Он прошел до края поля, туда, где роща тенистых зеленых деревьев скрывала прохладную, сырую темную землю, и массу лиственного подлеска, и нагромождения замшелых камней, и маленький родник, образовавший яркое озерко. Здесь Энтони любил отдыхать и глядеть на птиц, и насекомых, и мелких зверьков, как они шуршат, бегают и чирикают вокруг. Он любил лежать на прохладной земле, и вглядываться в движущуюся зелень над головой, и наблюдать, как насекомые вьются в смутных мягких лучах, которые стоят подобно косым пылающим столбам между землей и верхушками деревьев. Ему почему-то нравились мысли маленьких существ в этом месте, нравились больше, чем мысли людей за полем. И хотя мысли, которые он здесь улавливал, не были особенно сильными и яркими, он понимал их достаточно, чтобы знать, что этим маленьким существам нравится и чего они хотят, и он проводил много времени, устраивая рощу так, как это больше всего нравится им. Раньше здесь не было родника. Но как-то раз он уловил жажду в крошечном мохнатом мозгу, и вывел грунтовые воды наружу чистой холодной струей, и наблюдал, помаргивая, как зверек пил, и ощущал его удовольствие. Позже он создал озерцо, обнаружив у другого зверька желание покупаться.

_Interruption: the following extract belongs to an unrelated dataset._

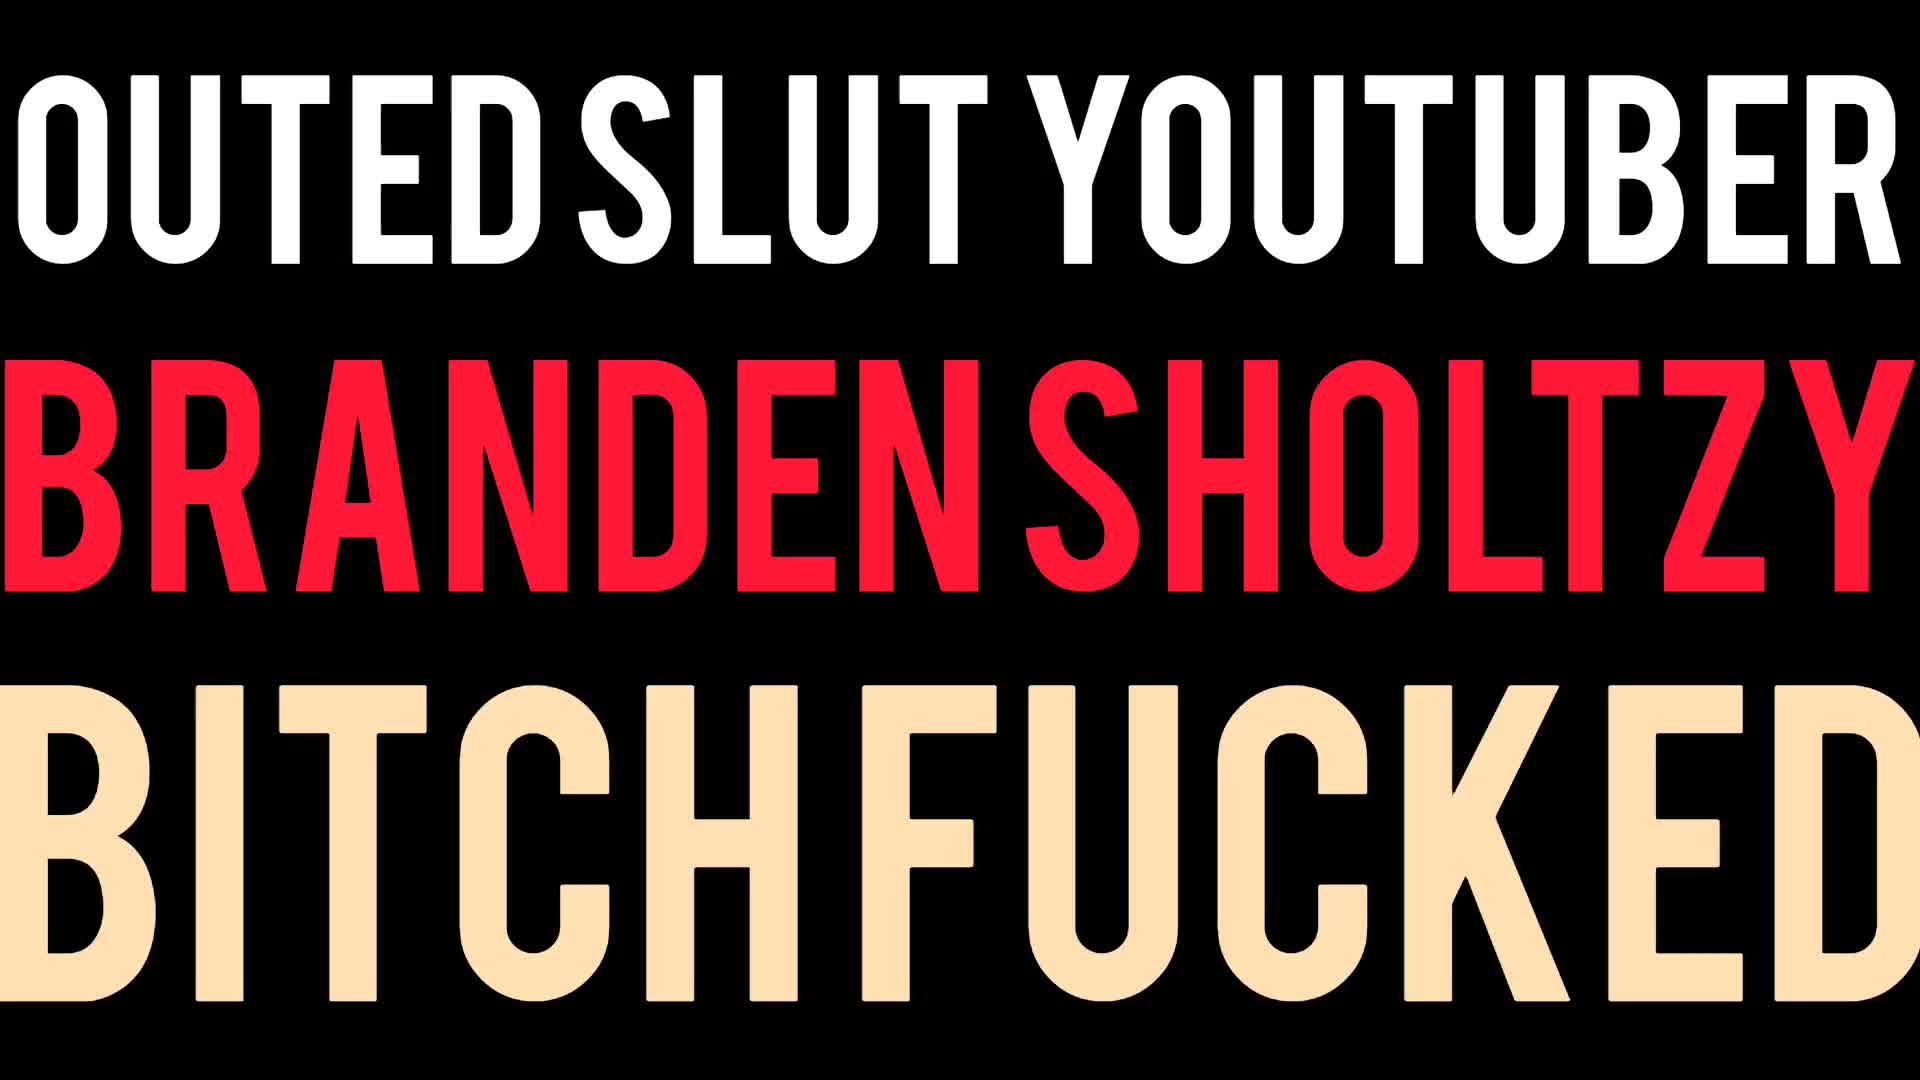 ¡La puta YouTuber Branden Sholtzy follada como una perra!

Он устроил камни, и деревья, и пещерки, и кусты, солнечный свет там и тени здесь, потому что он чувствовал во всех этих крошечных мозгах желание — или инстинктивную тягу — именно к такому месту для отдыха, именно к такому месту для спаривания и именно к такому месту для игр и для гнезда.
И видимо, все зверьки со всех пастбищ и полей знали, что это хорошее место, потому что с каждым разом их приходило сюда все больше, — каждый раз, когда Энтони появлялся здесь, он обнаруживал больше зверьков, чем их было накануне, и больше желаний и стремлений, которые надо было удовлетворить.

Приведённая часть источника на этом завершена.